The Board and Board Committees

BOARD OF DIRECTORS



The Board comprises four Independent Non-Executive Directors, two Non-Independent Non-Executive Directors, one Non-Independent Non-Executive Alternate Director to Mr. Desmond de Beer and four Executive Directors. The roles of Chairperson and Chief Executive Officers (‘CEO’) are clearly separated to ensure a balance of power and prevent any director from exercising unfettered powers of decision-making. The Board meets regularly and is responsible for strategy, approving major matters, performance and the framework of internal controls. The Board has a formal schedule of matters specifically reserved to it for decision. Responsibility for the day-to-day operational management of subsidiary companies is delegated to the management. The directors’ varied backgrounds and experience gives NEPI Rockcastle a good mix of the knowledge and expertise necessary to manage the business effectively. Further to this, a clear division of responsibilities at Board level is in place to ensure a balance of power and authority, such that no one individual has unfettered powers of decision-making.

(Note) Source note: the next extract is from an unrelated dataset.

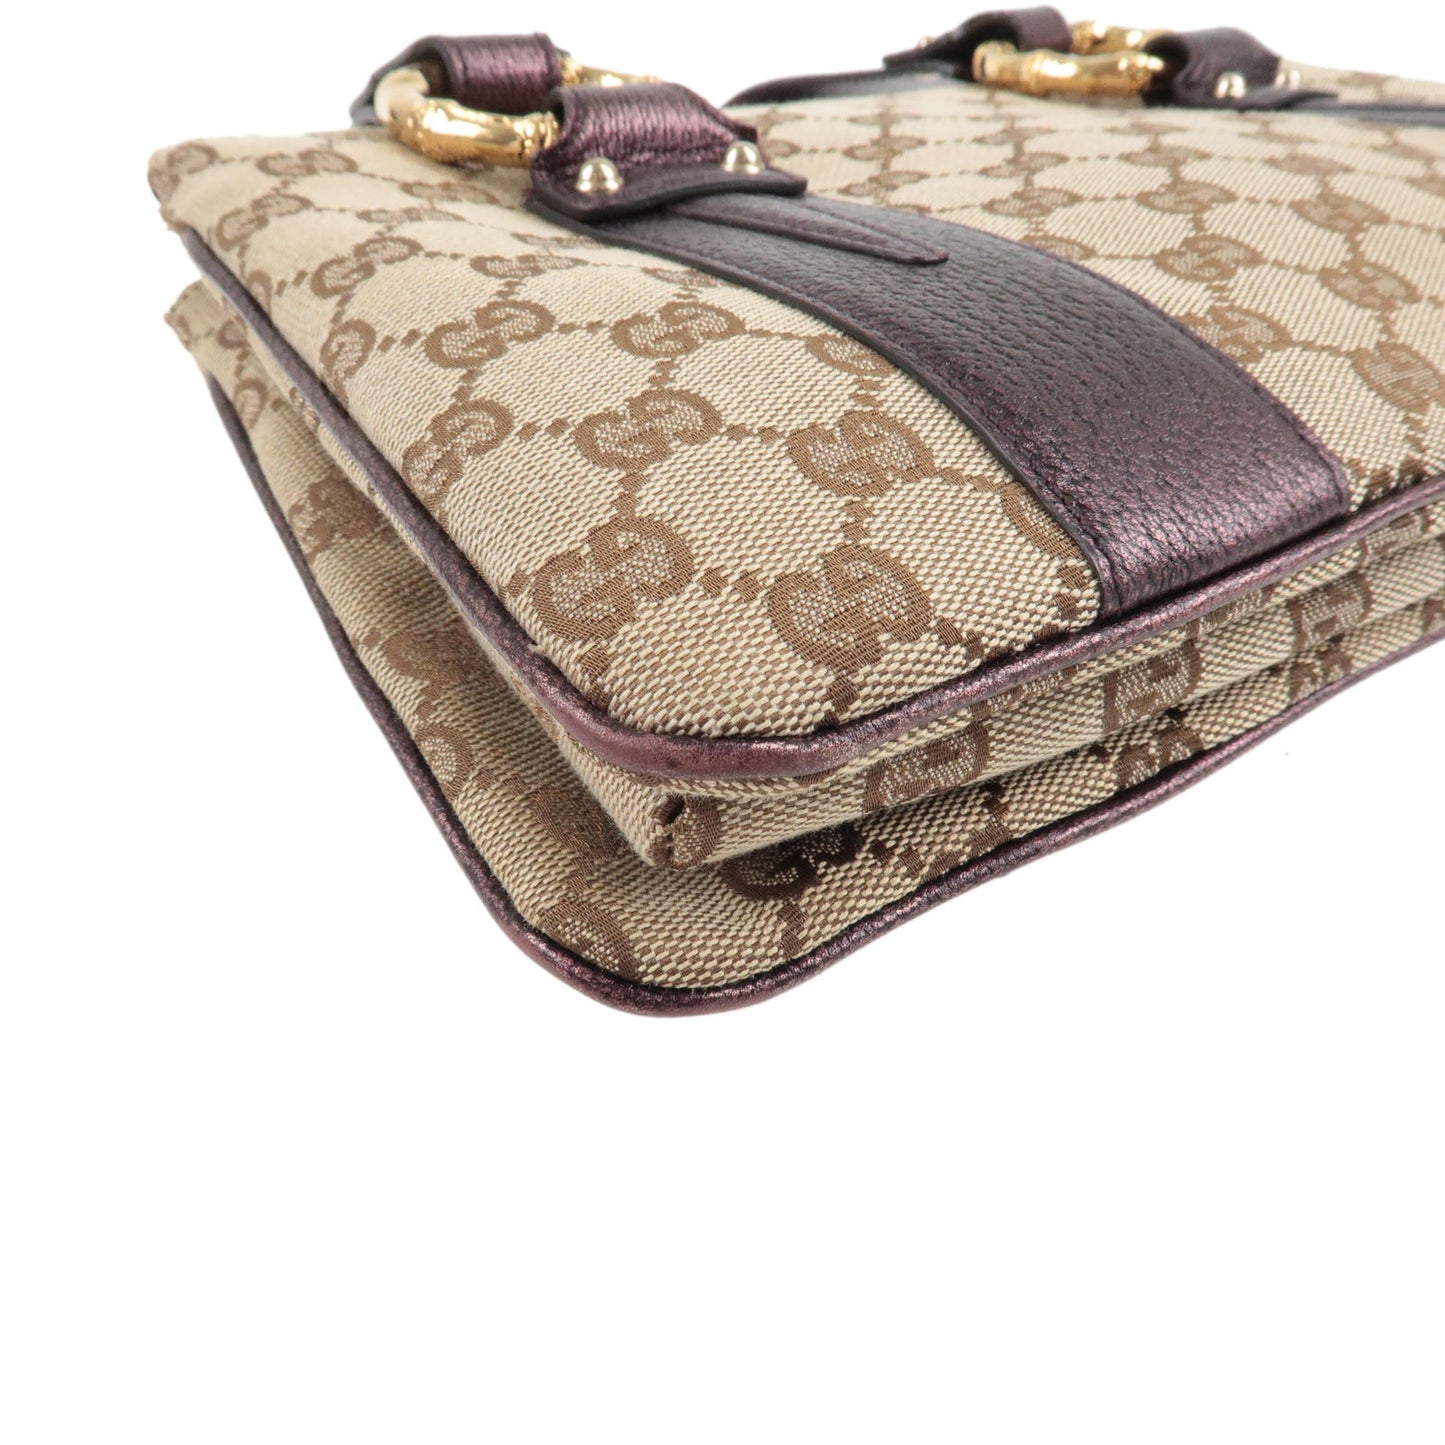 GUCCI GG Canvas Leather Hand Bag Purple Beige Brown 131324

Directors are appointed by the Board or at the annual general shareholders’ meeting. Board appointed directors need to be re-appointed by the shareholders at the company’s next annual general meeting. The longest serving third of the directors must be re-appointed by the shareholders annually. Board appointments are conducted in a formal and transparent manner by the Board as a whole, following recommendations made by the Nomination Committee.


Remuneration policy is aligned with the strategic objectives of the Group to create long-term sustainable value for shareholders.

Executive salaries are competitive and increases are determined with reference to individual performance, inflation and market-related factors.

Participation in the Share Incentive Plan is restricted to key employees and Executive Directors and their nominees. Directors’ Share Incentive Plan awards are set annually by the Remuneration Committee, based on individual performance. The Remuneration Committee acts in accordance with the pre-set terms of its Charter.



Dealing in company’s securities by directors, their associates, and company officials is regulated and monitored in accordance with the JSE Listings Requirements and Euronext Amsterdam requirements. NEPI Rockcastle maintains a closed period from the end of a financial period to the date of publication of the financial results.

BOARD SUB-COMMITTEES



Members: Desmond de Beer (Chairman), Alex Morar, Spiros Noussis, Robert Reinhardt Emslie and Andre van der Veer
The Investment Committee considers all acquisitions, sales of investments and capital expenditures that support the mission, values, and strategic goals of the Group. Appropriate investments or disposals are then presented to the Board for consideration and approval.


Members: Andre van der Veer (Chairman), George Aase and Antoine Dijkstra
The Audit Committee, comprising three independent non-executive directors, meets at least four times a year and is responsible for ensuring that the financial performance of the Group is properly reported on and monitored, including reviewing the annual and interim accounts, results announcements, internal control systems and procedures and accounting policies. The Audit Committee considers the appointment and fees of the external auditors and discusses the scope of the audit and its findings.


Members: Andre van der Veer (Chairman), George Aase, Robert Reinhardt Emslie
The Remuneration Committee, comprising three directors, assesses and recommends to the Board the remuneration and incentivisation of the Group’s management.


Members: Antoine Dijkstra (Chairman), Andre van der Veer, George Aase
The Risk Committee, comprising four directors, oversees the development and implementation of the Group’s risk management policy, and assumes overall responsibility for the Group’s system of internal controls.


Members: Robert Reinhardt Emslie (Chairman), Desmond de Beer and Sipho Vuso Majija
The Nomination Committee, comprising three directors, assists the Board in identifying qualified individuals to become Board members and recommends on the composition of the Board.


Members: Antoine Dijkstra (Chairman), Sipho Vuso Majija and Marek Noetzel
The Social and Ethics Committee oversees and reports on the group’s organisational ethics, responsible corporate citizenship and sustainable development and stakeholder relationships.